I submitted my resignation with a 2 week notice. My employer said that they did not want me to stay and offered 4 more days of pay. I asked about my vacation pay (7 days). They said that they are not giving me that. Thr explanation given, “It’s generous for only working there a year”. The employee manual states, “Upon termination of employment you will be paid for days accrued through the last of the month you terminate employment”. I have accrued 10 days, but have already used 3 of them.

Asked on June 25, 2012 under Employment Labor Law, Georgia

Answers:

SJZ, Member, New York Bar / FreeAdvice Contributing Attorney

Answered 9 years ago | Contributor

The primary issue is whether the manual is suffiently strong and clear as to form an employment contract (an "implied" contract). If it is, then you could enforce its terms as to payment of vacation days on termination of employment. However, most employment manuals do *not* form enforceable agreement; the reason is, most of them have language which limits or negates their enforceability, such as--

"Nothing in this manual constitutes a contract of employment"

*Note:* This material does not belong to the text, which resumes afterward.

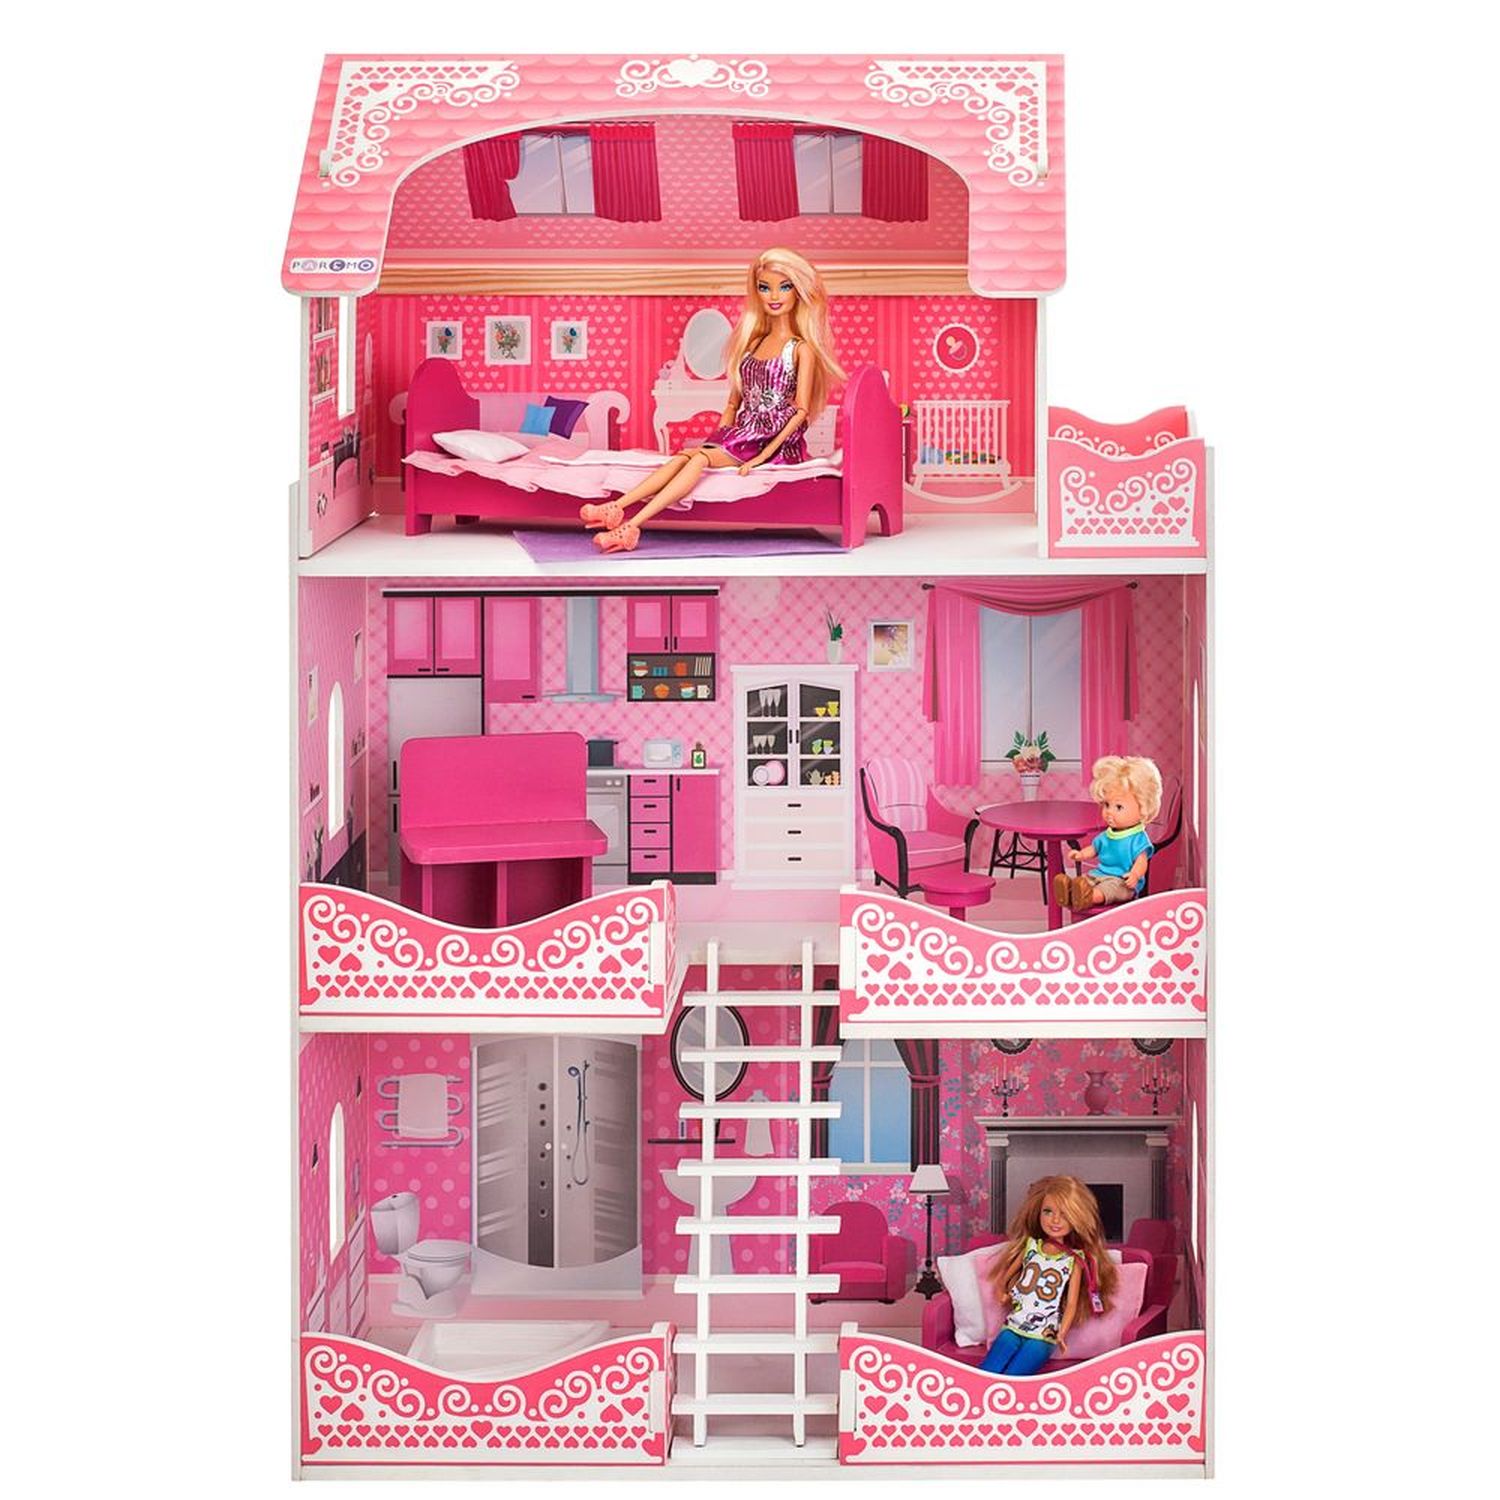 Кукольный домик Розет Шери, для кукол до 30 см 7 предметов мебели и интерьера

"Notwithstanding anything in this manual, all employment is employment at will"

"Policies subject to change without notice" (or "at any time")

If the manual has any disclaimers like this, then it would most likely not create an enforceable contract. However, even if it does not, if you can show otherwise that the employer's demonstable practice was to pay vacation days out when someone only worked there a year or so--that is, you can show that they have either stated previously that they will pay employees in your situation or circumstances, or that they have in fact paid employees in similar circumstances--then you may be able to find an enforceable agreement from their course of conduct.

However, bear in mind that if you believe there is an enforceable agreement, but the employer will not pay, the only way to seek the money would be to sue them, which may or may not be worth it.